Online Program

Return to main conference page
Tuesday, September 24
Tue, Sep 24, 1:15 PM - 2:30 PM
Thurgood Marshall South
The Catcher in the Rye: Missing Data Imputation

Strategies for Variable Selection in the Presence of Missing Data: With Clinical Applications (300954)

Prithish Banerjee, Chase Bank 
Ujjwal Das, Indian Institute of Management, Udaipur 
*Samiran Ghosh, Wayne State University 

Keywords: Groupwise Penalty, Multiple Imputation, Variable Selection

Selection of important variables contributing to the “true model” generating the data is one of the most challenging task in biomedical, social, and public health science.

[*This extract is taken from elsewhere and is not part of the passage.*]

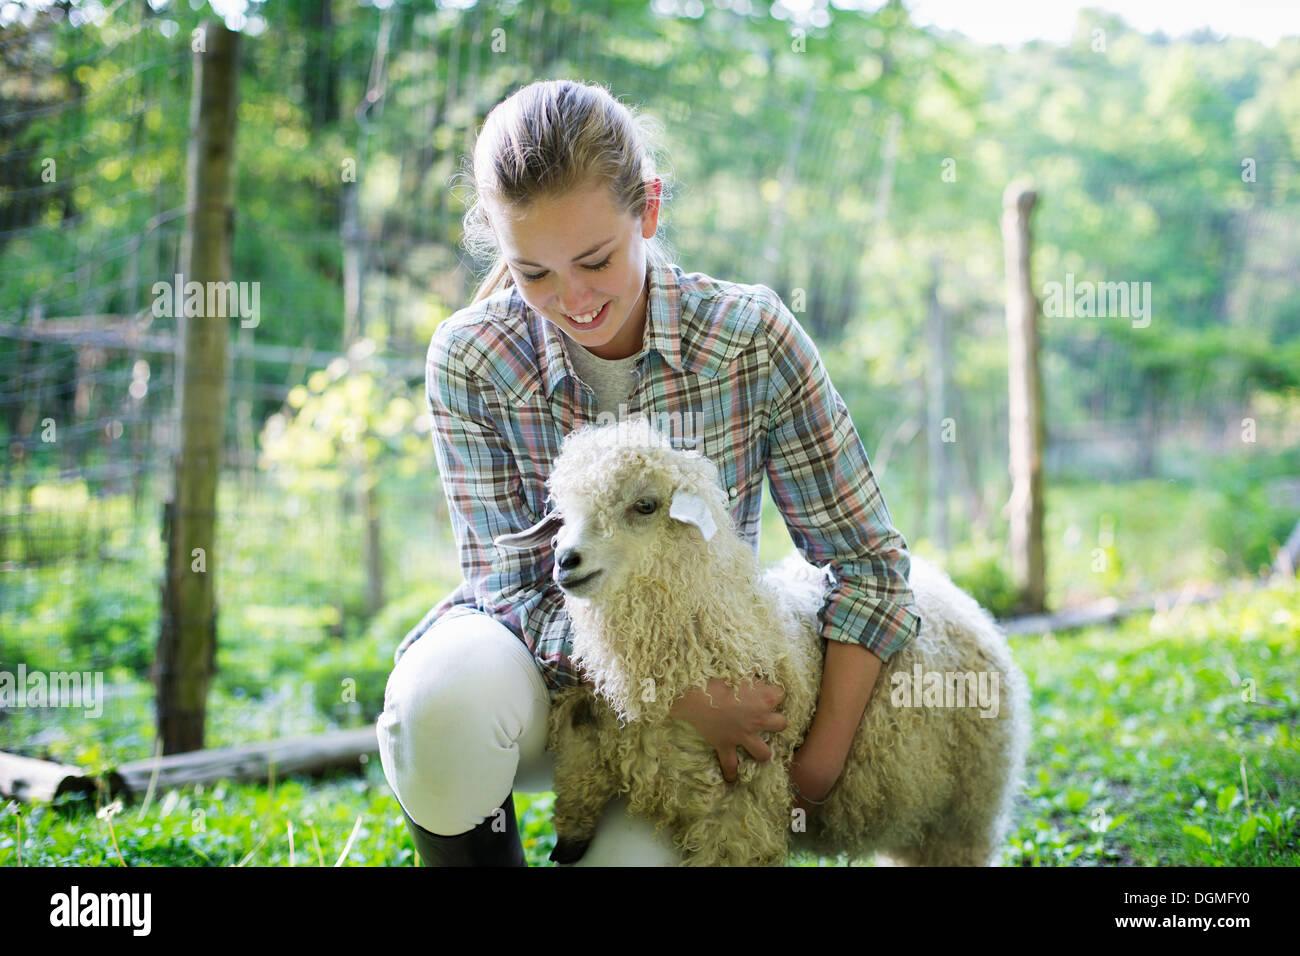 Un adolescent s'agenouiller et de mettre ses bras autour d'une très curly haired chèvre angora. Photo Stock
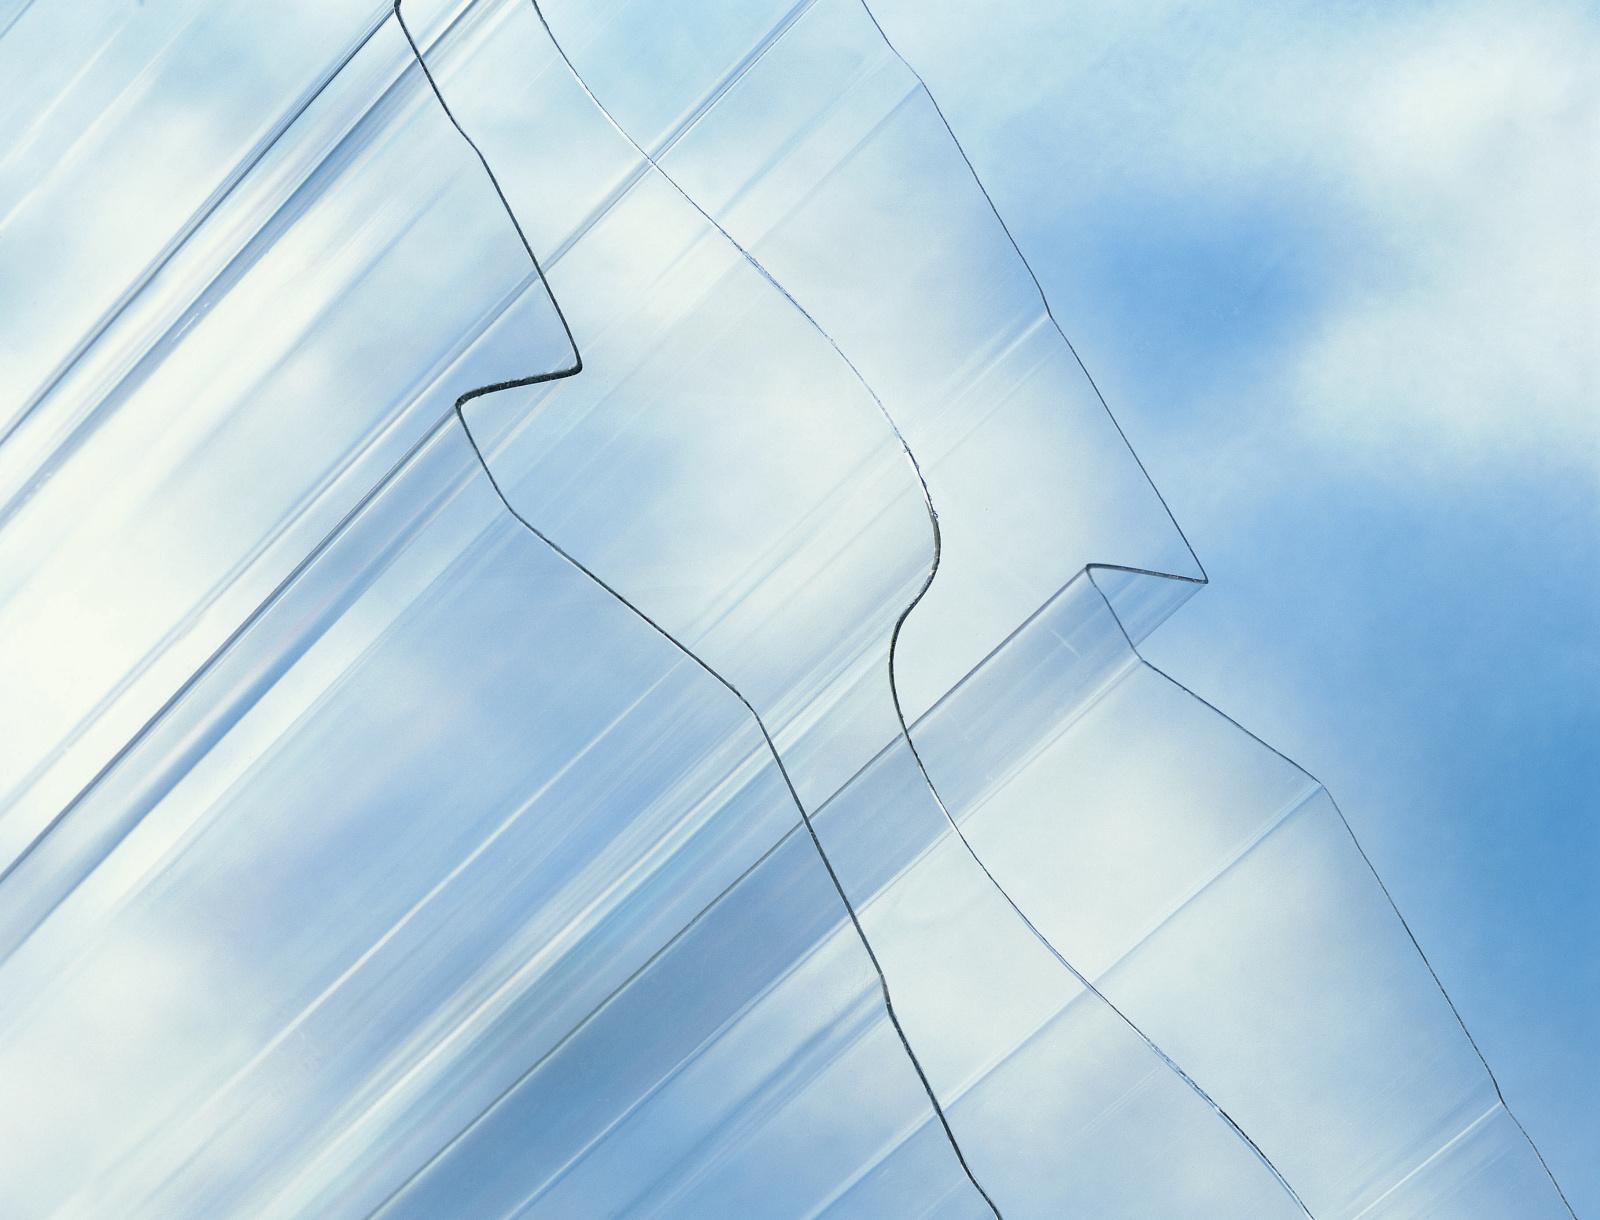 trapézový polykarbonát Suntuf CS TR 207/32 síla 1,0 mm čirý 1,127x6m

The problem gets complicated even further in the presence of missing data. A common and simplistic practice is Complete Case Analysis (CCA), which involves list-wise deletion of missing observations. The resulting analysis is highly restrictive, inefficient and often results in a biased model unless the missing pattern is completely at random (MCAR). Multiple imputation is a popular approach to tackle the problem of data analysis with missingness, under the missing at random (MAR) condition. However, combining the results of variables selected via Multiple Imputed (MI) datasets is nontrivial. This is because conventional method of combining parameter estimates obtained via MI datasets using Rubin's rule is not applicable for variable selection. In this talk we present an intuitive approach for doing variable selection under MAR assumption for linear model. Our approaches are closely related to penalized variable selection methods (e.g. Lasso, SCAD, MCP etc.) but requires significant further innovation due to missing data. The performance of the proposed methods is evaluated using extensive simulation studies and an application on Mental Health studies related to depression.